I found the sensor ground (I think) on the top front of the engine. It's a bolt with a stud coming out of its head. It's hard to explain but it's obviously meant to be bolted in and then a nut (and lug) go on the protruding stud. I added a #6 wire to this and ran it to the passenger side frame rail, my ground "buss bar" which has the battery negative and the starter ground connected to it. I wanted a larger wire to accommodate the alternator ground but that's the largest that would fit on a 5/16" lug (well, a #4 would fit but Home Despot was out of it). This wire may be redundant because the engine is still -.53 volts relative to the body (fenders) but it can't hurt. Interestingly, this bolt also goes into a larger hole and engages deeper in. My next step will be to install a #14 wire from the rail to the body. I'm not sure whether the ECU uses the body at all since there is a ground wire going to the engine, but my EGO's have been constantly reading lean lately and this definitely affected my oil pressure gauge. So the voltage supplied to the gauge is definitely referenced to the body. My opinion is that I should see zero volts between any two pieces of metal on the vehicle when the key is in "run".

This all started when my electric oil gauge kept reading higher and higher. I replaced the sender (same result) and then ran a braided steel line from the engine port to a couple of tees at the driver's fender. The tees have the original electric sender, a mechanical oil gauge that lives under the hood (told me the pressure is fine), and an idiot light sender; I'm covered. I soldered short wire with a spade lug to the tee with the two senders and grounded that to the fender a couple of inches away. The electric gauge then read dead center, so I knew I had a ground problem and began poking around with a meter. Who knows what else this is affecting?
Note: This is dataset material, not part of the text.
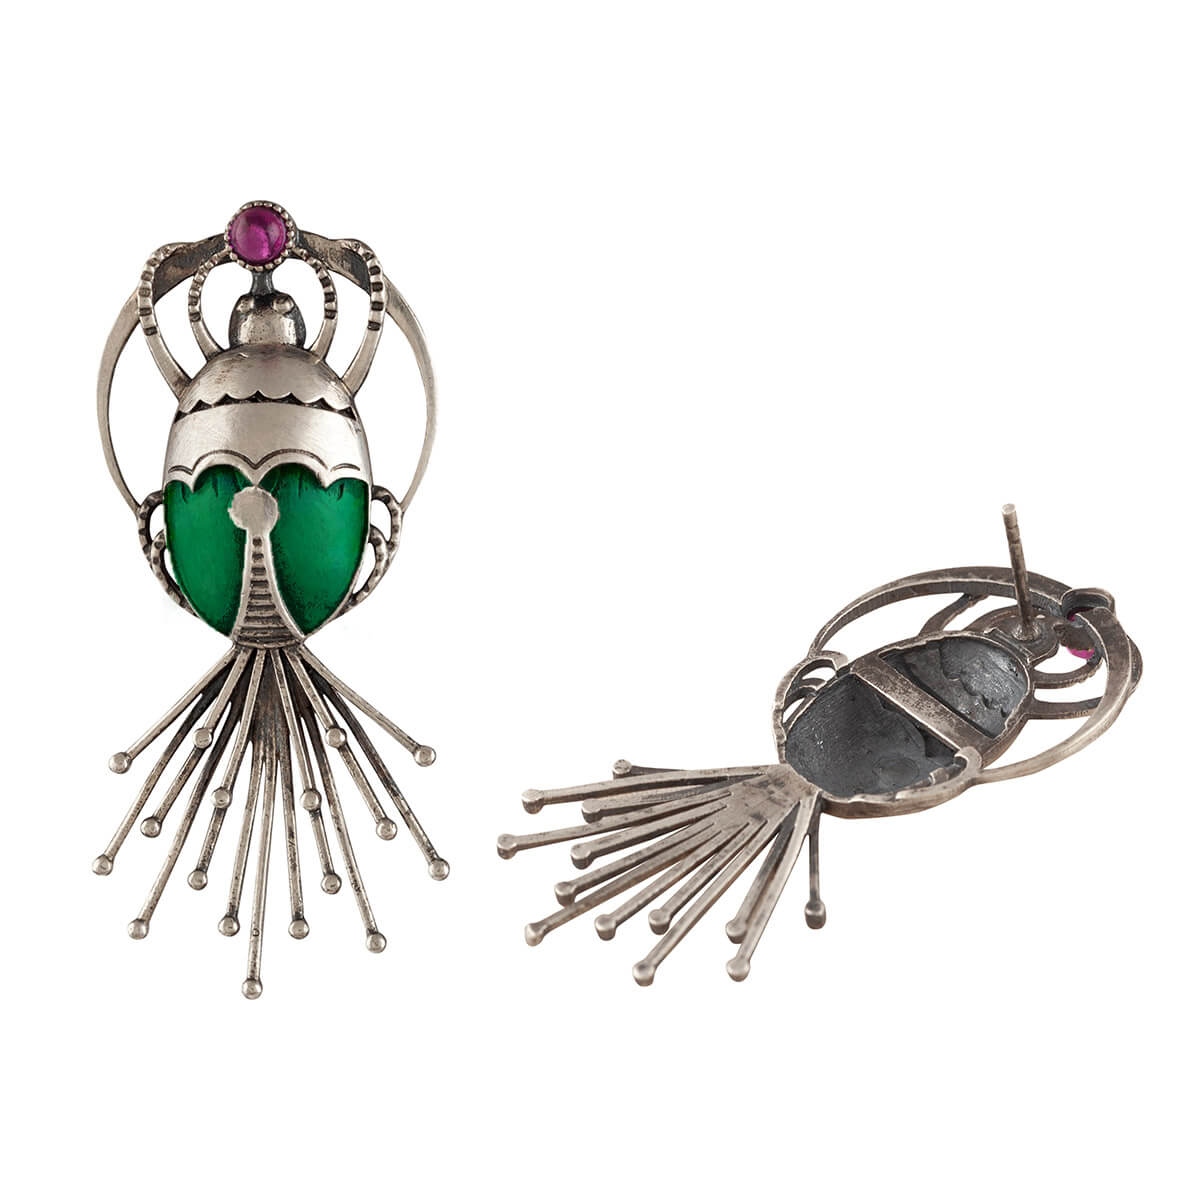 Bhramara Silver Earrings - With Tail
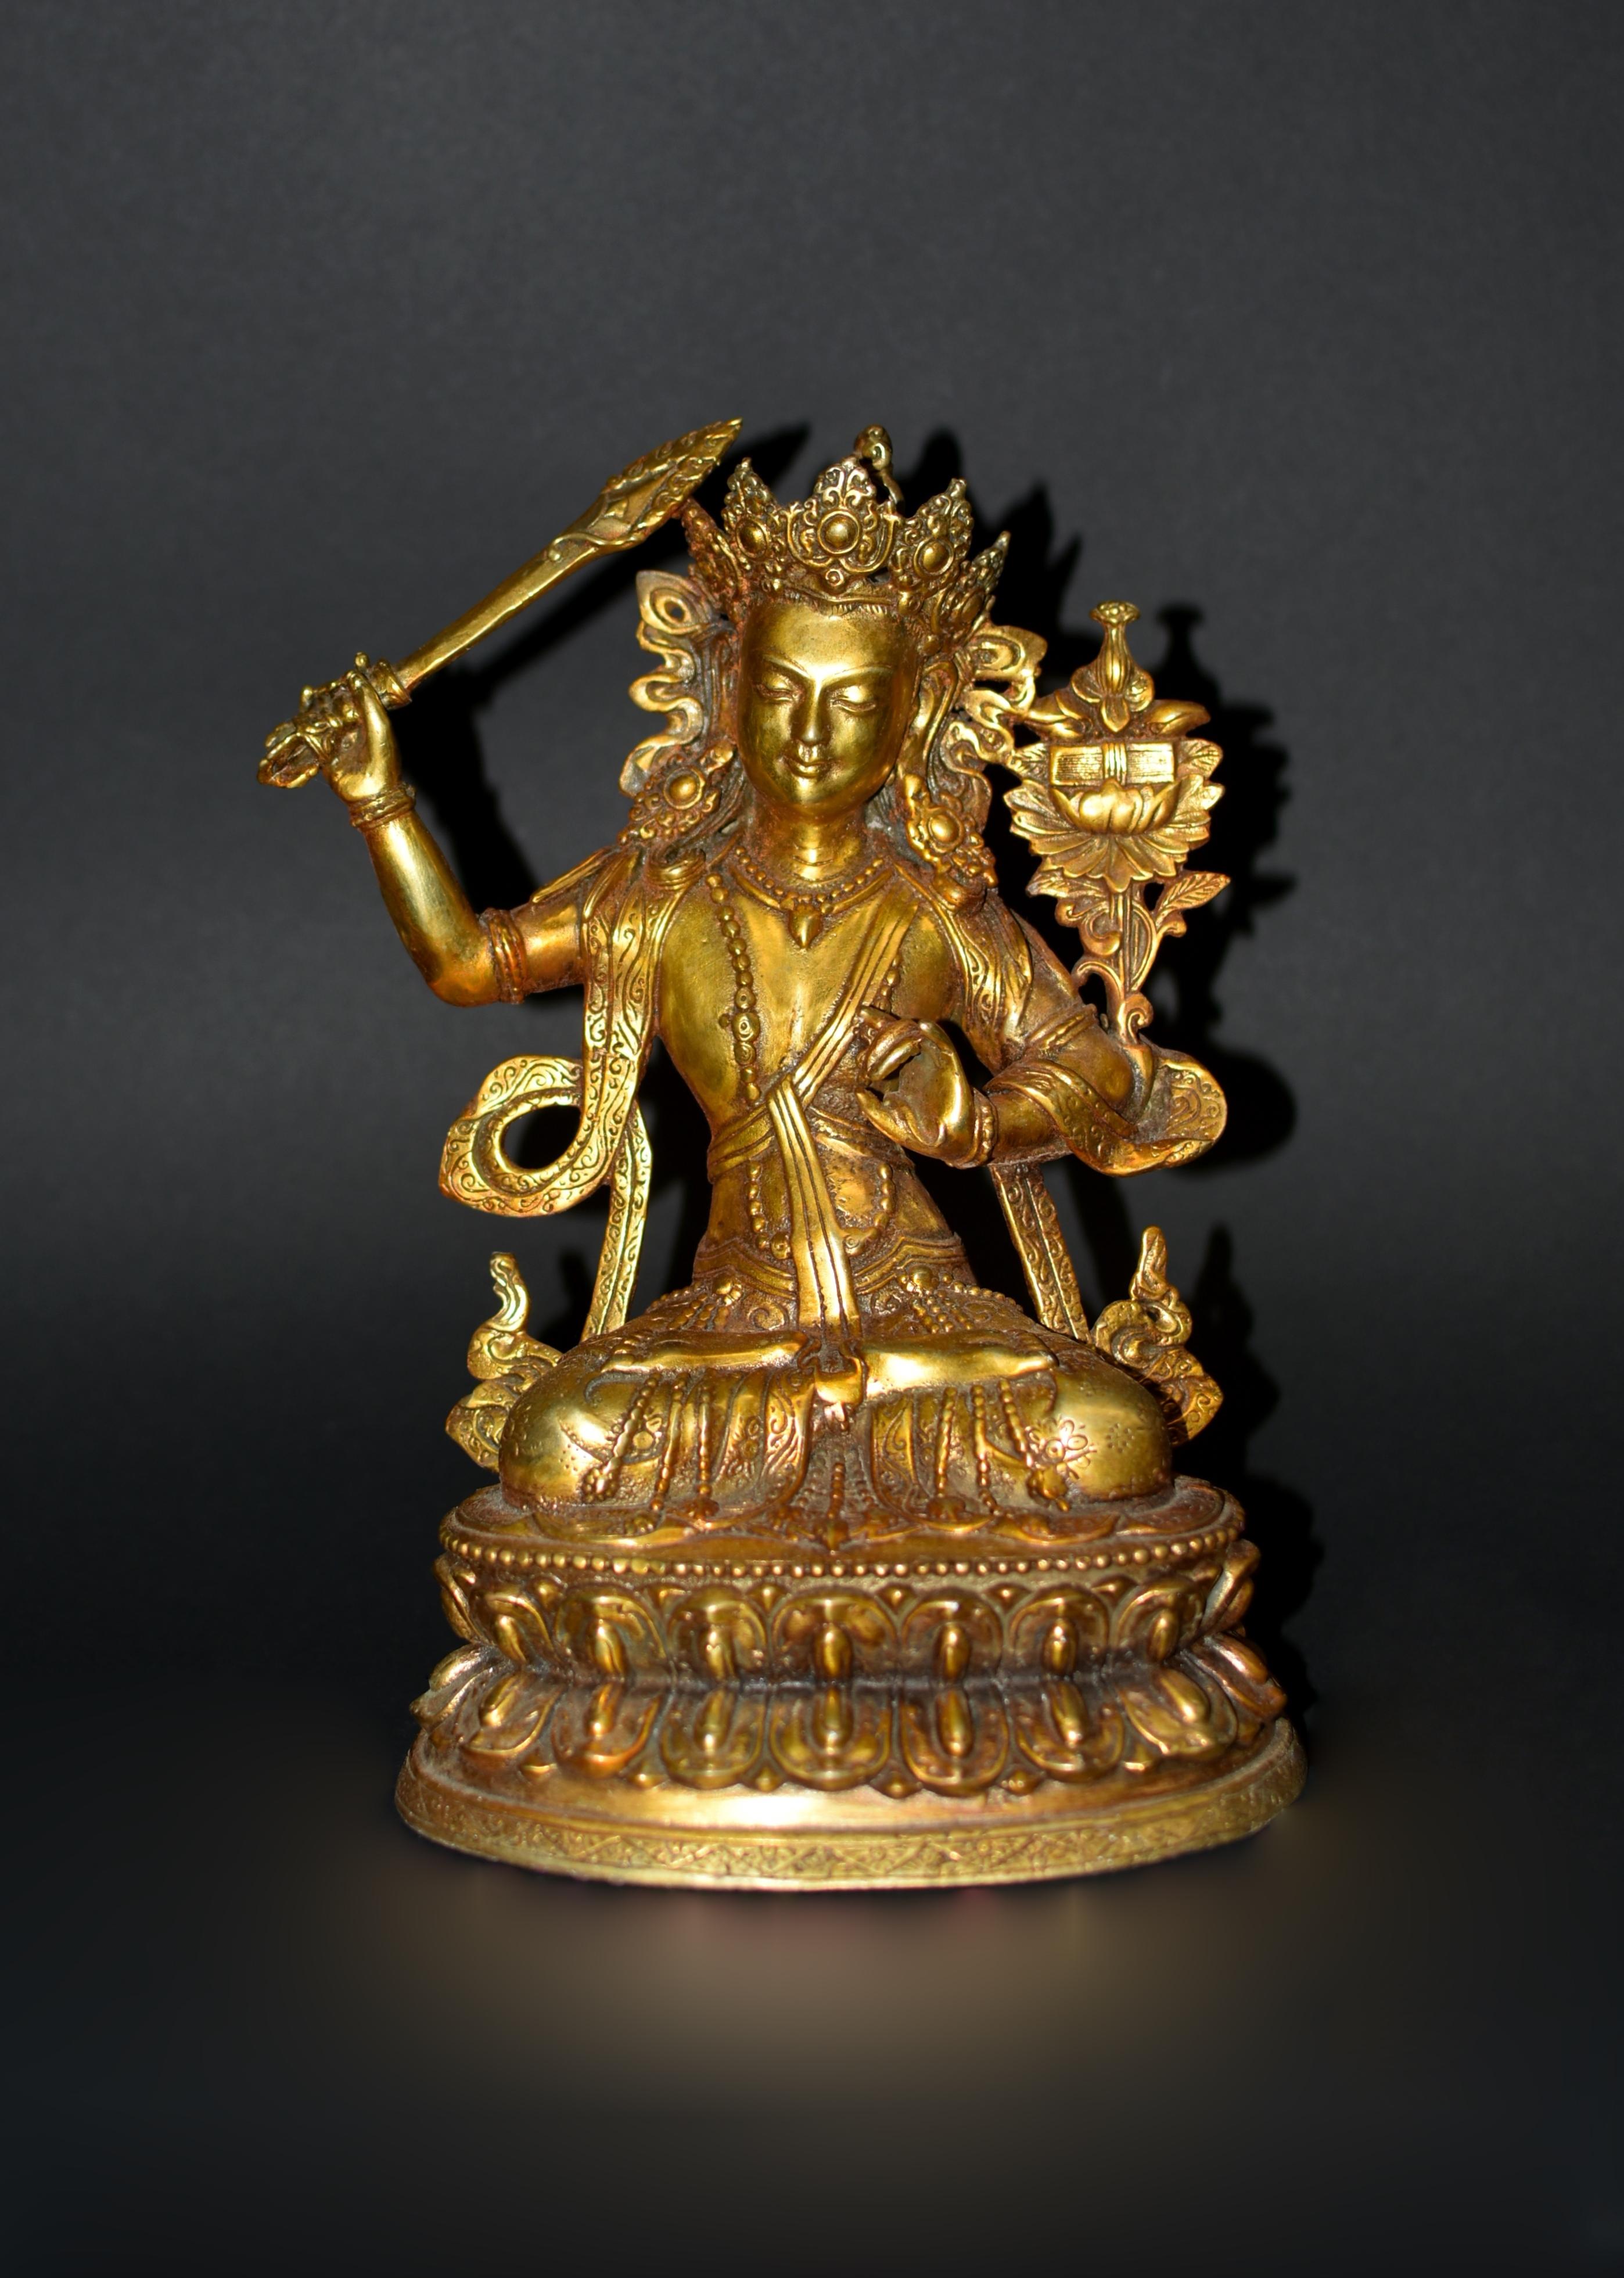 A beautiful gilt bronze, 4.6 lb, statue of Tibetan Bodhisattva Manjushree. Seated in vajrasana on a double lotus throne, in his right hand the sword of wisdom and his left hand in jnana mudra, gesture of teaching. Adorned with jewels and dressed in

In the process, I found that the gauge is a true gauge but Ford put in a switch sender that closes to ground at 6 psi and above. The idiot light sender closes to ground at 6 psi and below. I see there's a 20 ohm resistor in series with the gauge to make it center. On the gauge input, zero volts will center, +5.5 volts (unconnected) will read zero psi , and -1.5 volts will read max high. Obviously, there will never be a negative voltage in the system but that's what's needed to make enough current flow with the 20 ohm resistor in to make the gauge read high. When I get time, I'll put another resistor in series and measure the voltage on that. That would tell me the resistance of the gauge so I'd know what kind of sender I need to make a true gauge by shorting out the 20 ohm resistor. I think I've seen a thread about doing this but no one mentioned what sender to use or where to get it. Does anyone know?

While poking around I found that my driver's side motor mount bolt was loose to the point of 1/2" of movement. The nut came off with only two turns. Whew. I replaced it with a grade 8 bolt and a locknut.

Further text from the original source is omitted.